▶ To do
Every line of the material is to be returned verbatim. Pictures stay out.

▶ Supplied information
******************************

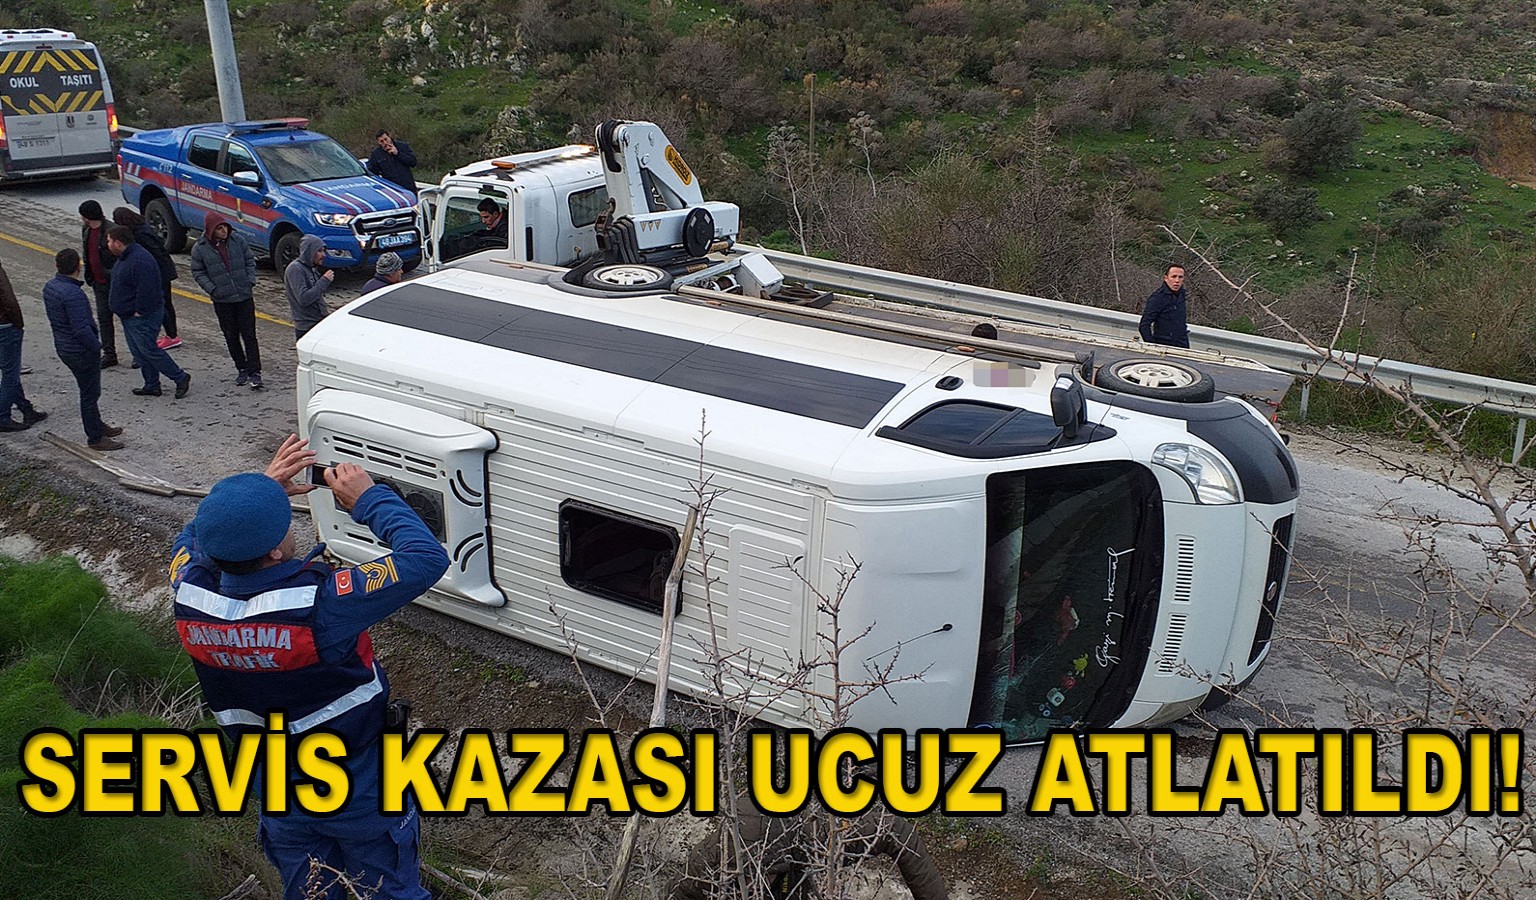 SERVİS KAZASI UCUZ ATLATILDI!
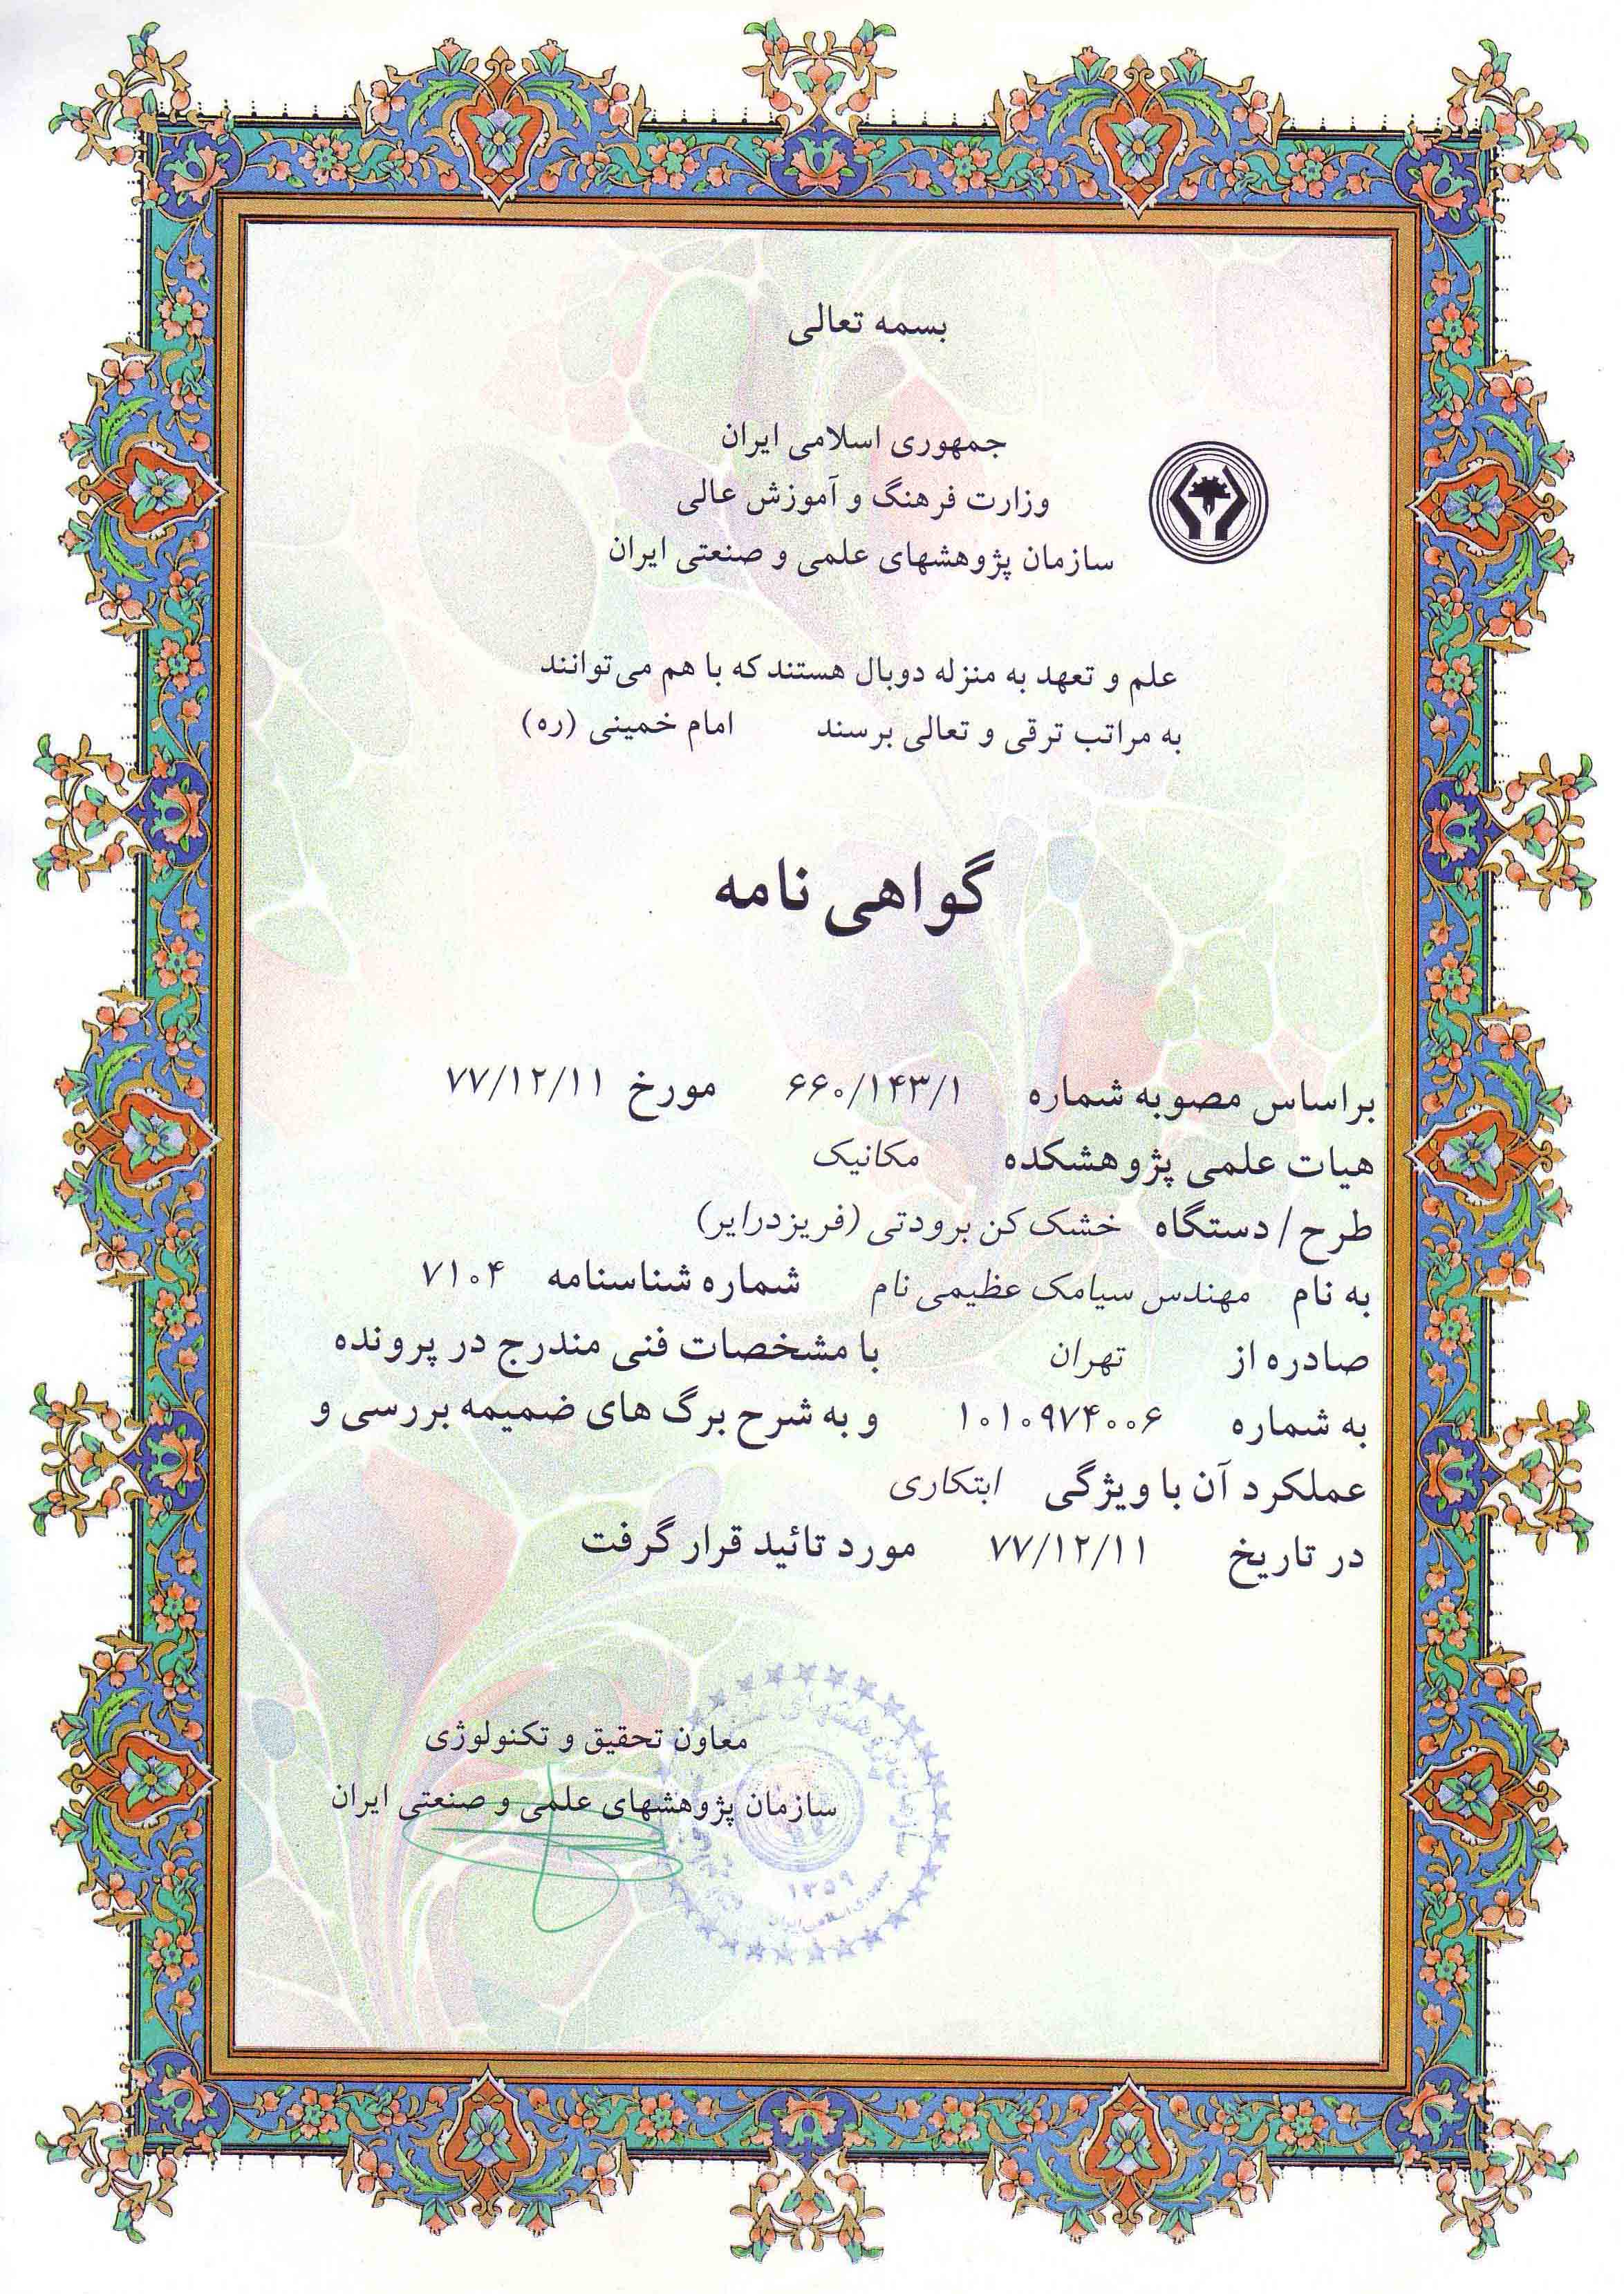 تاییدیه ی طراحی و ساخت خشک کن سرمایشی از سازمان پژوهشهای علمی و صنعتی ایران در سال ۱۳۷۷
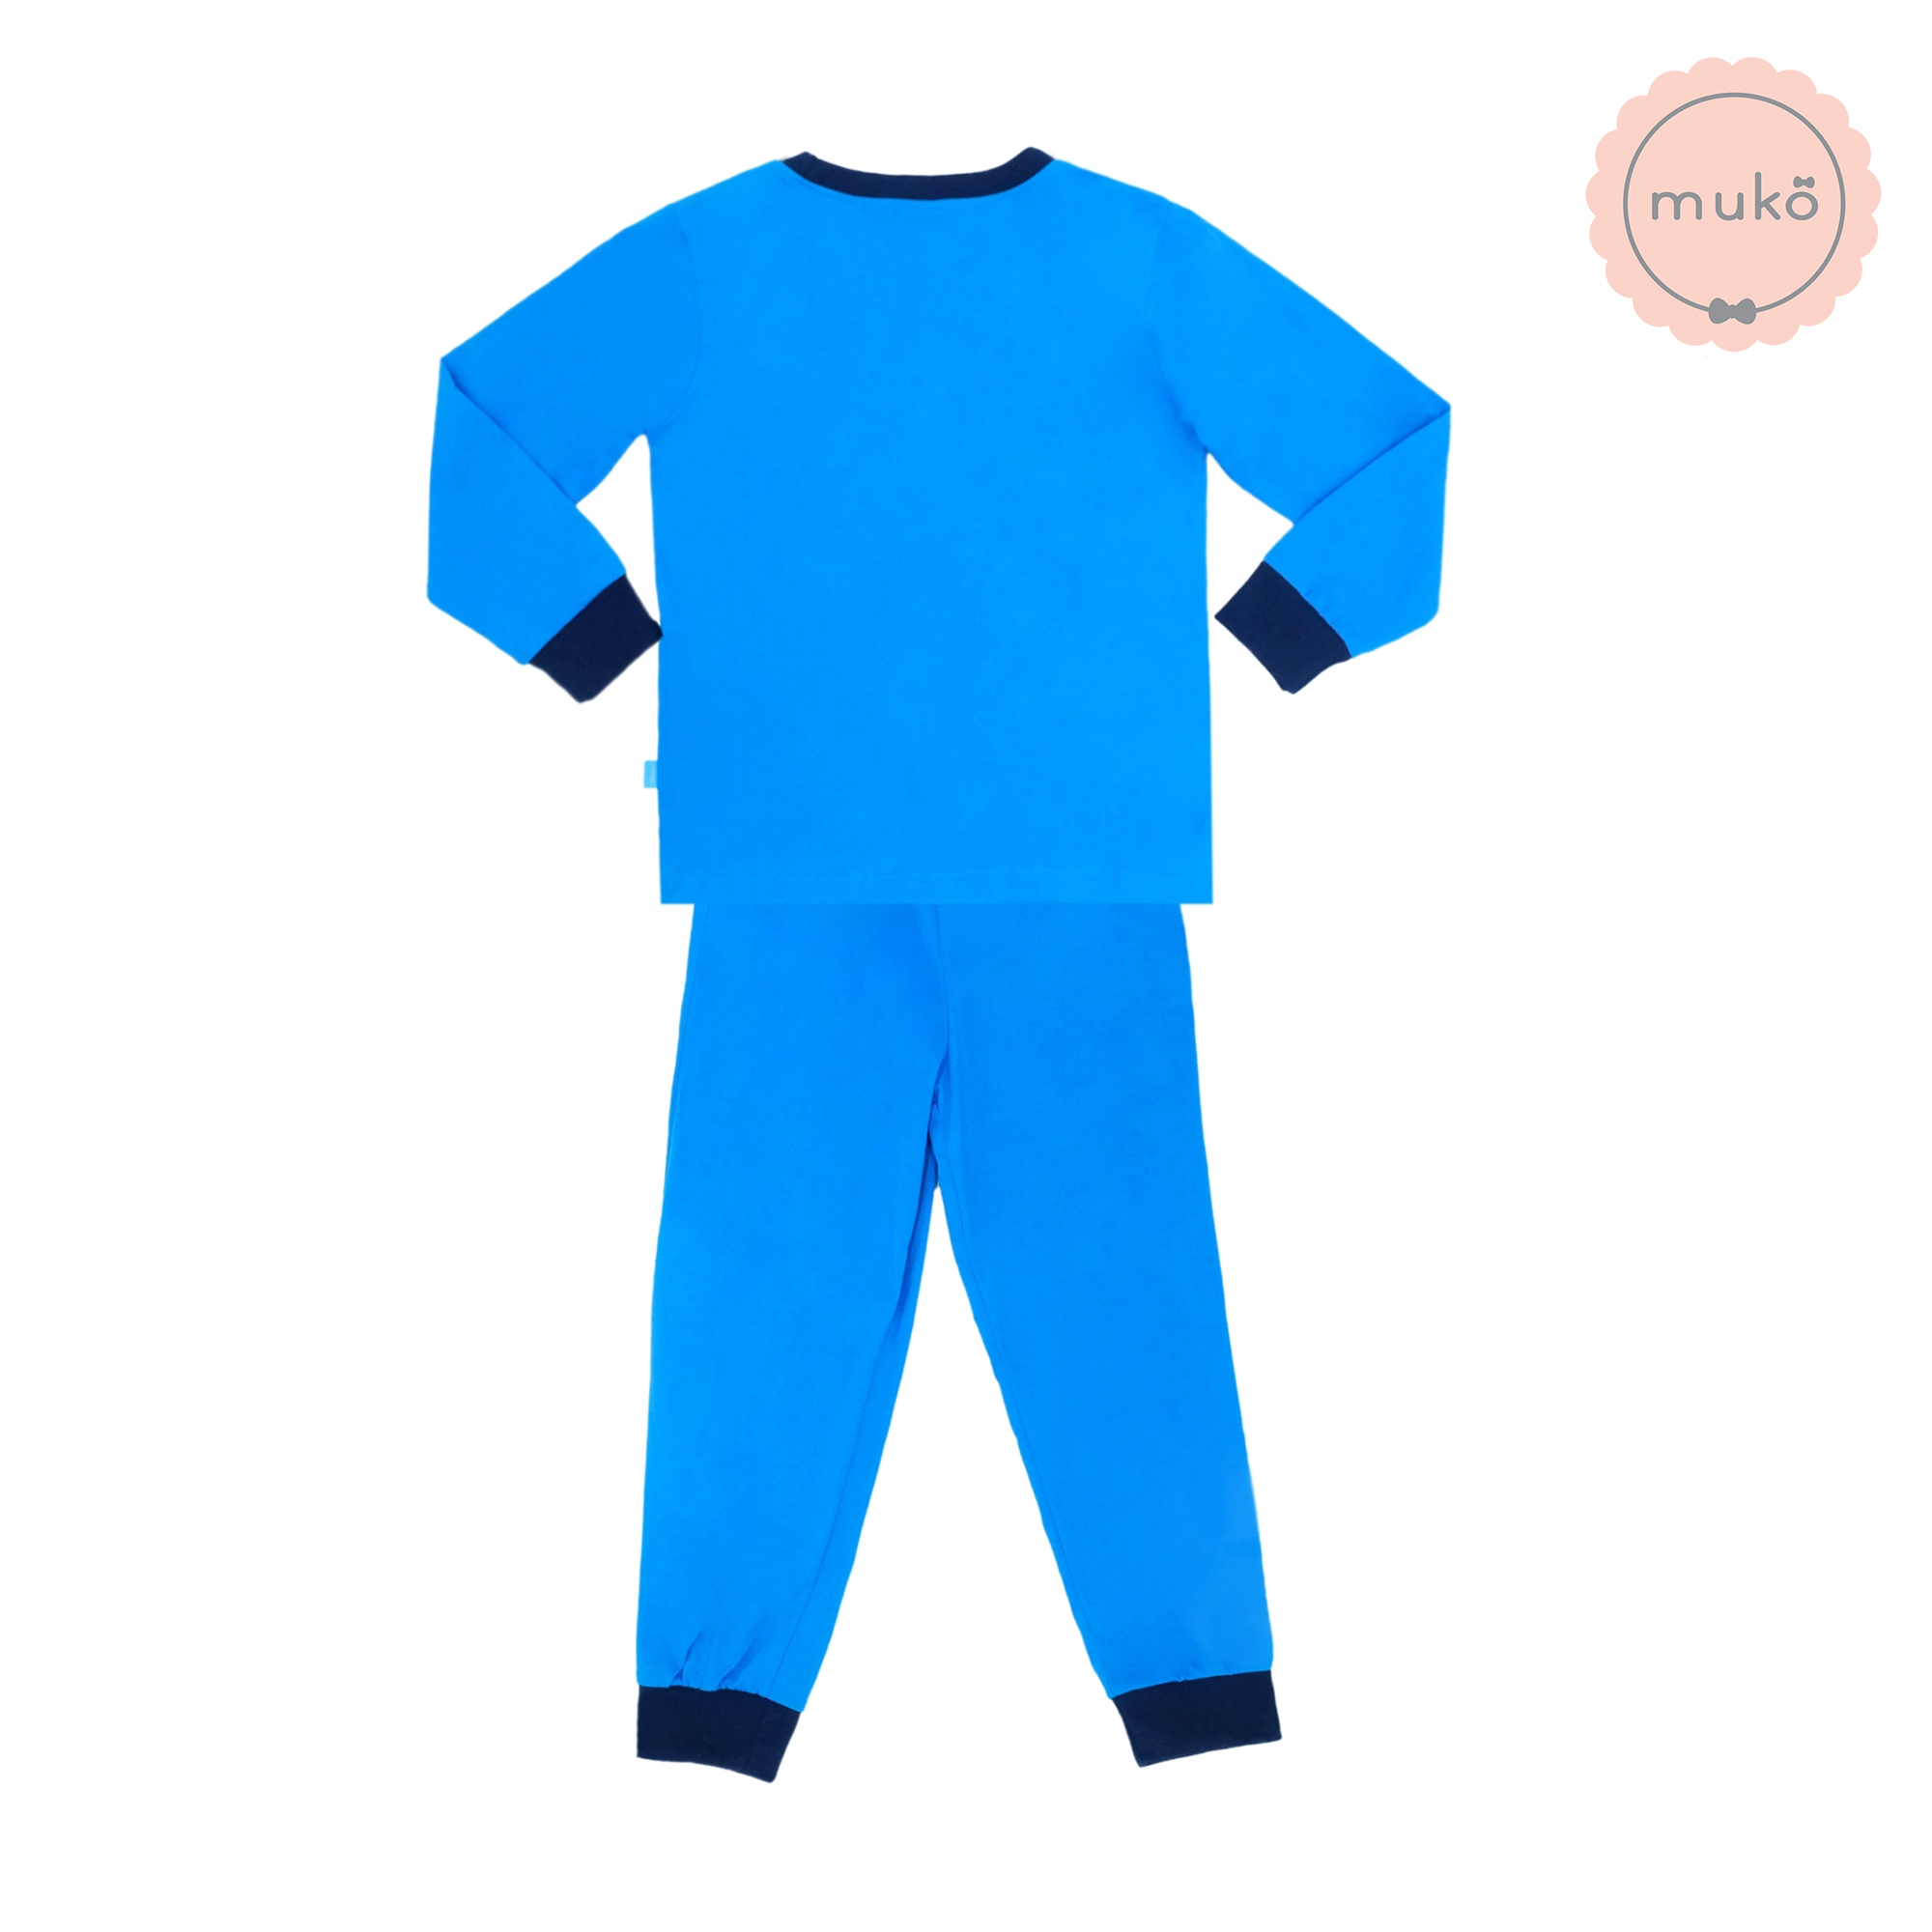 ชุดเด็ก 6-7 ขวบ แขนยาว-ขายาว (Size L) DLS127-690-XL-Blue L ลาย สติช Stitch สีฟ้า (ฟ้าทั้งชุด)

******************************

▶ Your solution
 SERVİS KAZASI UCUZ ATLATILDI!
 تاییدیه ی طراحی و ساخت خشک کن سرمایشی از سازمان پژوهشهای علمی و صنعتی ایران در سال ۱۳۷۷
 ชุดเด็ก 6-7 ขวบ แขนยาว-ขายาว (Size L) DLS127-690-XL-Blue L ลาย สติช Stitch สีฟ้า (ฟ้าทั้งชุด)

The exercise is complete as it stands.